Isabelle Huppert and John Waters at the Film Society. Photo courtesy of Julie Cunnah. 

“Another feel bad French movie, my favorite genre,” joked Waters as he accompanied Huppert on stage following a screening of Catherine Breillat’s latest film, Abuse of Weakness. The Pope of Trash and the acclaimed French actress [whom he states is his favorite] joined in conversation at the Film Society of Lincoln Center to discuss her performance in the film, potential filmmakers she would work with, celebritism in France, and much more. The two poured out loving references to many movies as Waters questioned her about filmmakers from the past and present, from Alfred Hitchcock to Gaspar NoĂ©, she has acted for or would like to. “So Michael Haneke… he’s a real laugh riot, right?” asked Waters. “Of course he is, just not in his films,” replied Huppert.

[Related: John Waters Looks Back and Forward Prior to His Film Society Retrospective]

“I get along with whoever has a vision. I’m only an instrument,” Huppert said, regarding her experiences working with an incredible range of filmmakers throughout her career. “You have two different jobs in life. You have the job of an actor and you have the job of the spectator. These are two completely different jobs. What you feel as a viewer is not the same as what you feel as an actor. They’re different jobs, and you don’t want to confuse them. As an actress, I’m not the viewer. I do my job. Of course, as a viewer, I get hooked by a scene, I get moved, I get scared, all those things. As an actor, I don’t get any of those. I just ‘do’ things. It’s totally different.”

Abuse of Weakness finds Huppert in a fascinating role in regard to the relationship between actor and director. This semi-autobiographical film follows Huppert as Maud Schoenberg, a film director, as she recovers from a stroke and in the process becomes hypnotized by a well-known swindler in France. Hoping to have him star in her upcoming film, she voluntarily writes him check after check until she’s clean out. This premise comes from the personal experiences of Catherine Breillat, the film’s director, following her stroke in 2004.

John Waters and Isabelle Huppert at the Walter Reade Theater. Photo courtesy of Julie Cunnah.

Huppert discussed the process by which she and Breillat, (who’s more typically known for her sexually provocative female dramas such as Fat Girl, Anatomy of Hell, and Romance) separated the biographical aspects of the film and the fictional story she was starring in. Huppert even came across the con man himself, Christophe Rocancourt, outside of shooting the film by chance. In the film, Rocancourt is portrayed as the manipulative Vilko Piran by French rapper Kool Shen. “Who’s more handsome?” laughed Waters.

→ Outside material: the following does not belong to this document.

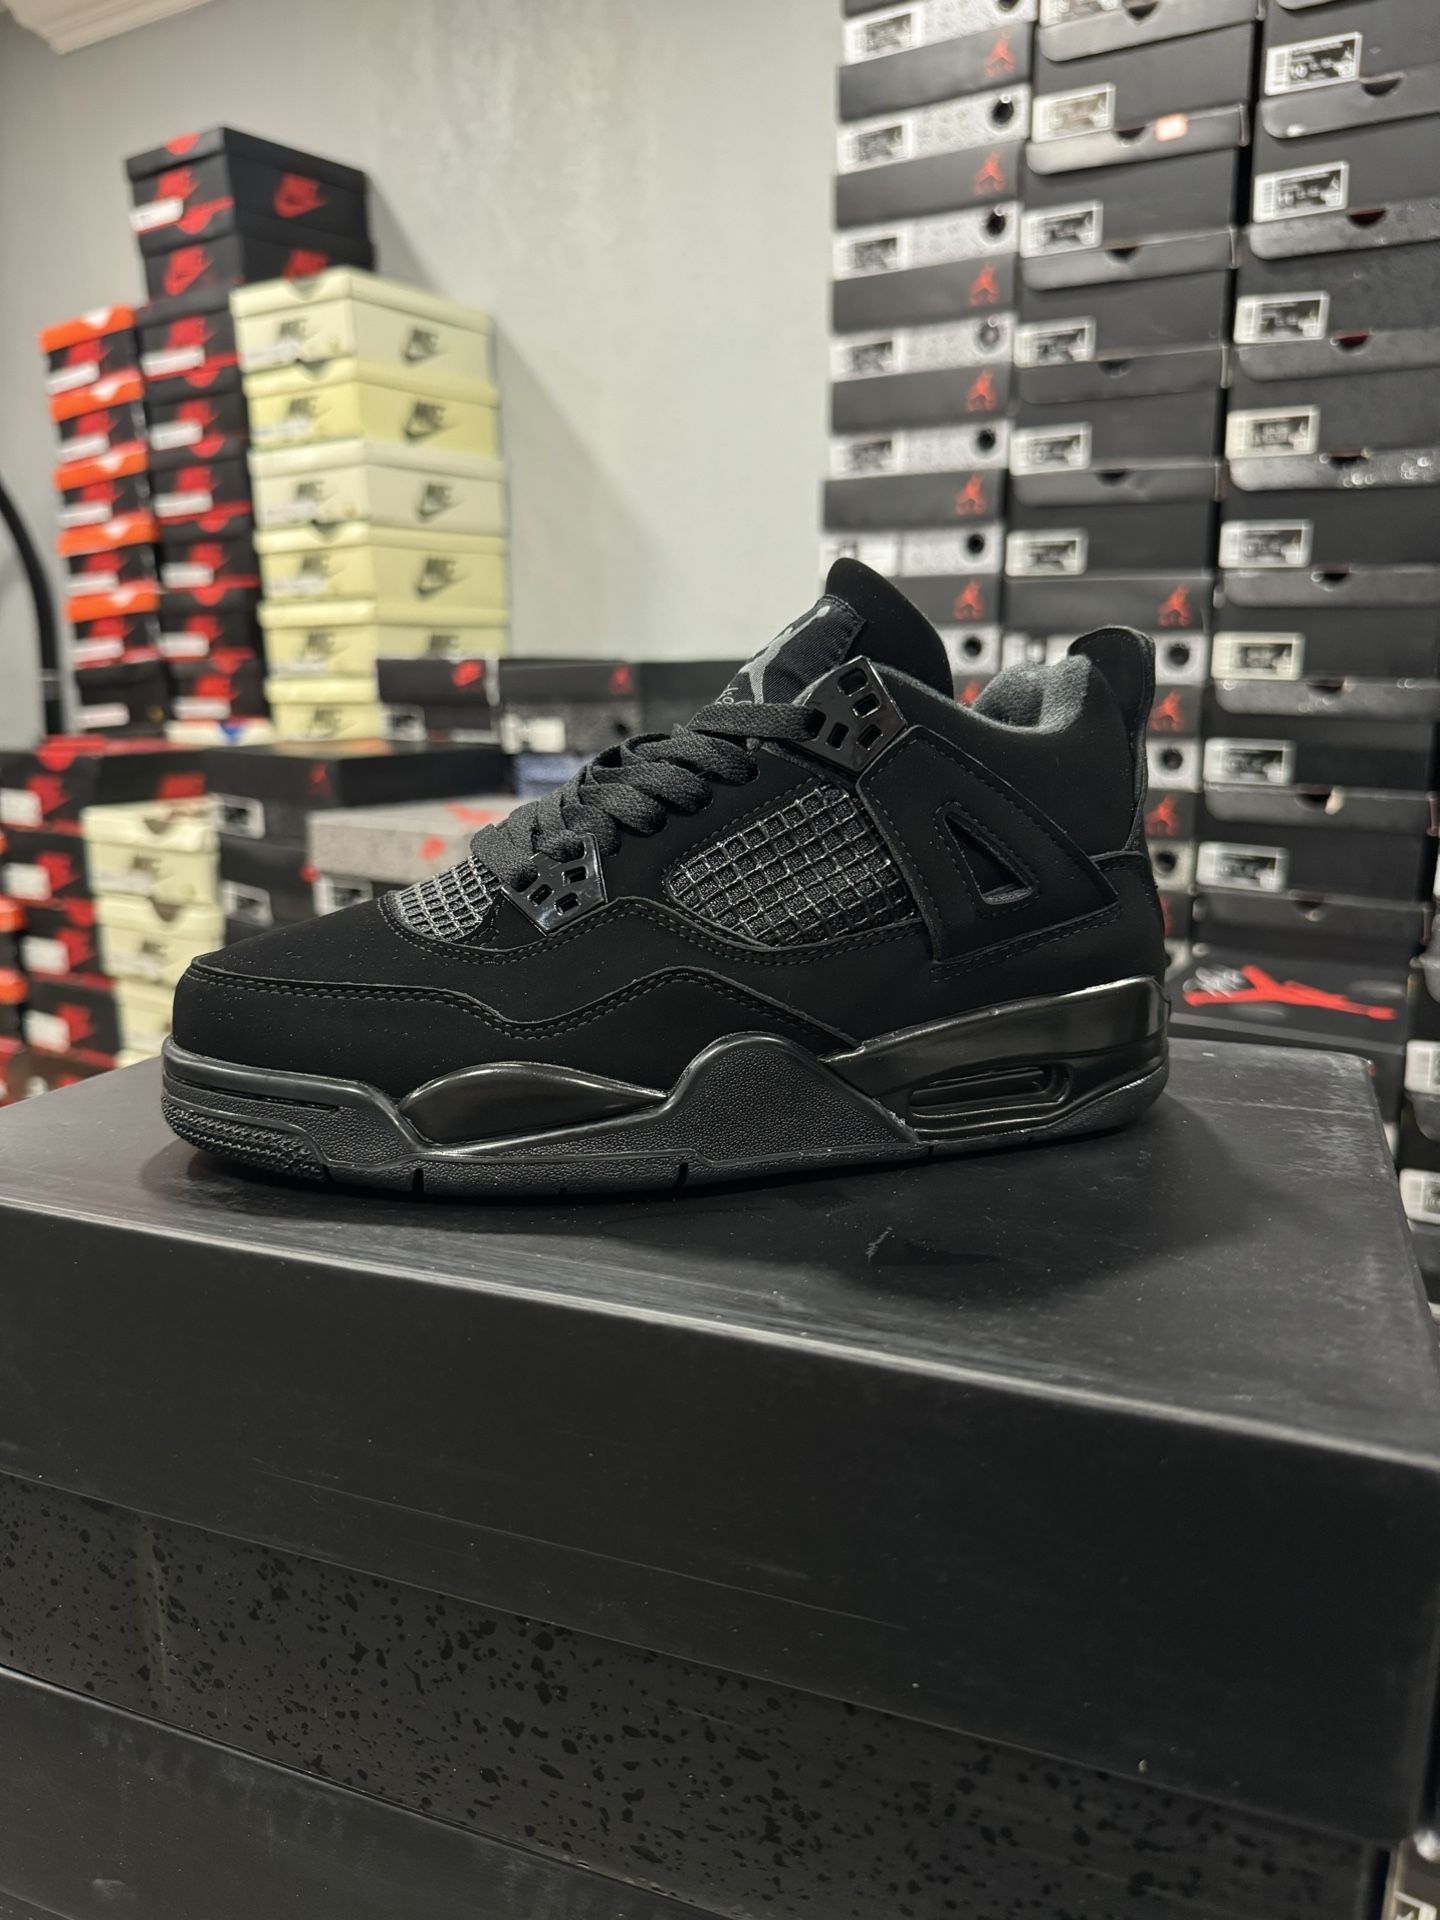 Air Jordan 4’s “ Black Cats "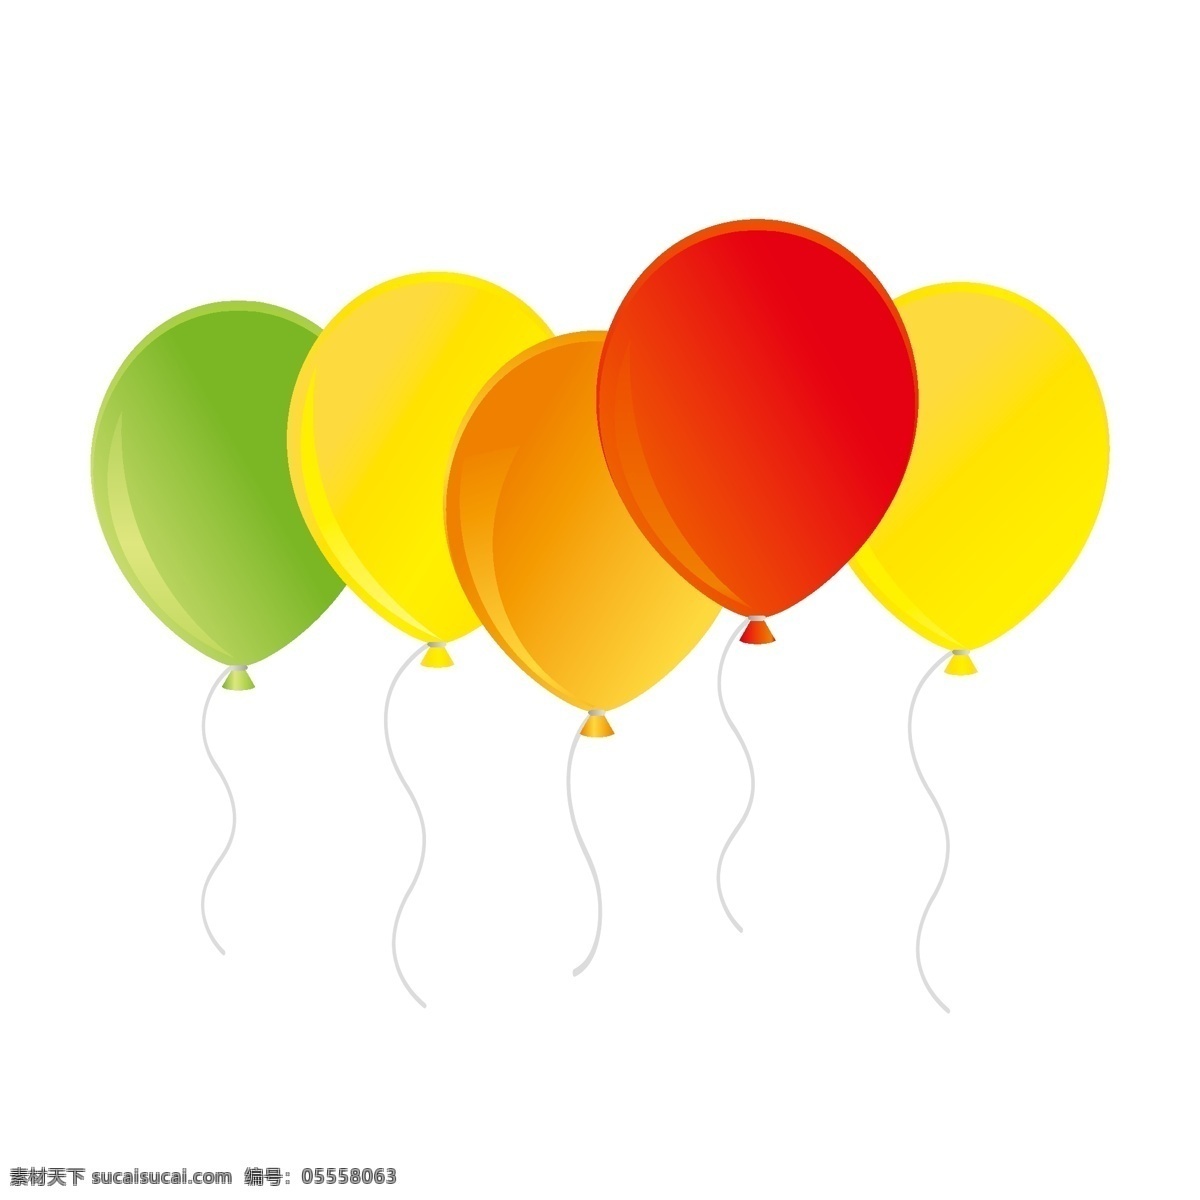 漂浮 气球 彩色 节日 装饰 元素 卡通 可爱 五彩斑斓

On paparazzi and celebrity culture, Huppert talks of the mask of normality that doesn't ensue with fans coming up to her when she goes out in France. “As actors we like to explore to this blurred border between normality and abnormality,” Huppert said. “Since you played so many characters that are extreme, do strangers confide in you, thinking you’ll understand? It happens to me all the time,” joked Waters in front of the packed auditorium.

After the conversation, Huppert stayed to introduce a screening of the Michael Haneke masterpiece The Piano Teacher, in which Huppert portrays a repressed piano instructor who embarks on a masochistic love affair with one of her pupils. For this role, Huppert took home Best Actress at the 2001 Cannes Film Festival.

Abuse of Weakness begins its one-week exclusive theatrical run on August 15 at the Film Society of Lincoln Center.